Art. 13 Jahres-, Wochen- und Tageskarten

Mit der Übergabe einer Jahres-, Wochen- oder Tageskarte ermächtigt der Pächter Dritte, während eines Kalenderjahres, während 7 aufeinander folgenden Tagen oder während eines Tages mit allen gesetzlich erlaubten Geräten die Angelfischerei auszuüben, soweit er nicht auf der Karte einschränkende Bestimmungen einträgt.

Wer gestützt auf eine Jahres-, Wochen- oder Tageskarte fischt, darf nicht gleichzeitig als Freiangler fischen.

Art. 14 Standort des Fischers

Soweit der Revierbeschrieb nichts anderes bestimmt, darf der Inhaber einer Jahres-, Wochen- oder Tageskarte nur vom Ufer aus fischen. Dagegen ist das Waten und die Verwendung von Watstiefeln gestattet. Inseln, die durch Waten erreicht werden können, sind dem Ufer gleichgestellt.

Art. 15 Angelfischerei

Die Angelfischerei in Rhein, Aare, Limmat und Reuss sowie im Hallwilersee ist während des ganzen Jahres gestattet. In den übrigen Fliessgewässern ist die Angelfischerei während der Monate Oktober bis und mit Februar verboten.

Art. 16 Kartenzahl

Das Departement Bau, Verkehr und Umwelt bestimmt für jedes Revier, wie viele Gehilfen- und Jahreskarten der Pächter an Dritte abgeben kann.

Art. 17 Vorbehalt der Rechtsänderung

Der Pächter hat sich den im Laufe der Pachtperiode in Kraft tretenden geringfügigen Änderungen der geltenden Bestimmungen zu unterziehen, ohne dass ihm daraus eine Schadenersatzforderung oder ein Anspruch auf Minderung des Pachtzinses erwachsen würde.

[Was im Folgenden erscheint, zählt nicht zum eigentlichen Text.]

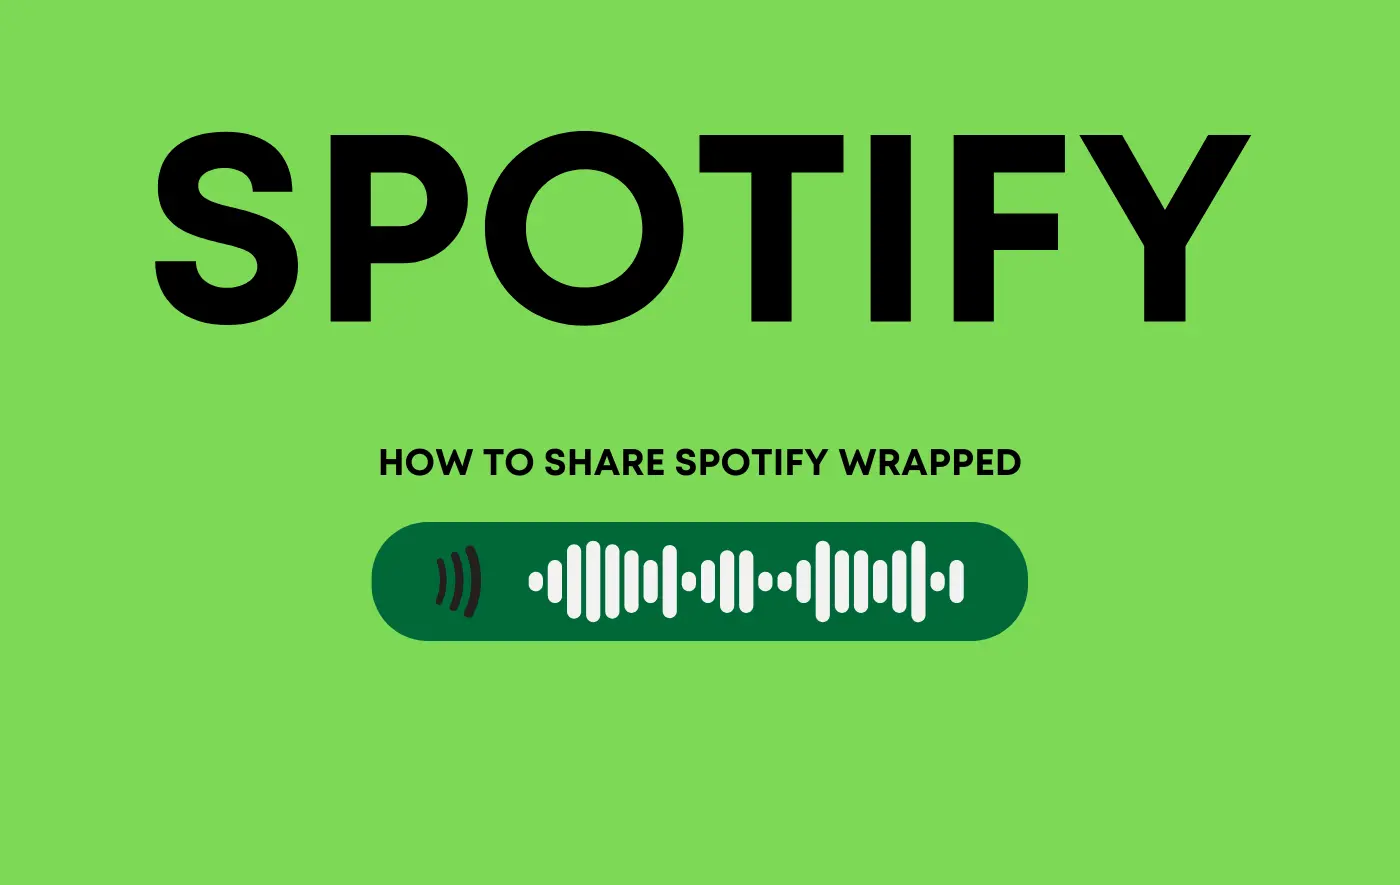 How To Share Spotify Wrapped

Art. 18 Bewirtschaftung des Reviers

Der Pächter ist verpflichtet, das Revier fischereigerecht zu bewirtschaften und die Weisungen des Departements Bau, Verkehr und Umwelt zu befolgen.

Er hat Fischeinsätze nach einem vom Departement Bau, Verkehr und Umwelt festgelegten Besatzplan vorzunehmen. Es sind Besatzfische geeigneter Herkunft zu verwenden.

Fischeinsätze ausserhalb des Besatzplanes bedürfen einer Bewilligung des Departements Bau, Verkehr und Umwelt.

Sämtliche Fischeinsätze sind unter der Aufsicht und gemäss den Weisungen eines staatlichen Fischereiaufsehers vorzunehmen.

Art. 19 Kartenabgabe

Die Pächter von Fluss- und Bachrevieren sind verpflichtet, die ihnen zukommenden Jahreskarten abzugeben, soweit Nachfrage vorhanden ist.

Art. 20 Kartenpreise

Der Pächter darf Gehilfen- und Jahreskarten gegen Entgelt abgeben. Auf allen Karten ist der tatsächlich verlangte Preis einzutragen.

Handelt es sich beim Pächter nicht um eine juristische Person, darf der Erlös aus der Abgabe von Gehilfen- und Jahreskarten insgesamt pro Jahr die Summe aus Jahrespachtzins und ausgewiesenen Kosten für die fischereiliche Bewirtschaftung des Reviers, ohne Umtriebsentschädigung gemäss § 10 Abs. 3, nicht übersteigen.

Art. 21 Hallwilersee; Verpachtung

Die Fischereirechte im aargauischen Teil des Hallwilersees werden an einen oder mehrere Netzfischer aus freier Hand verpachtet.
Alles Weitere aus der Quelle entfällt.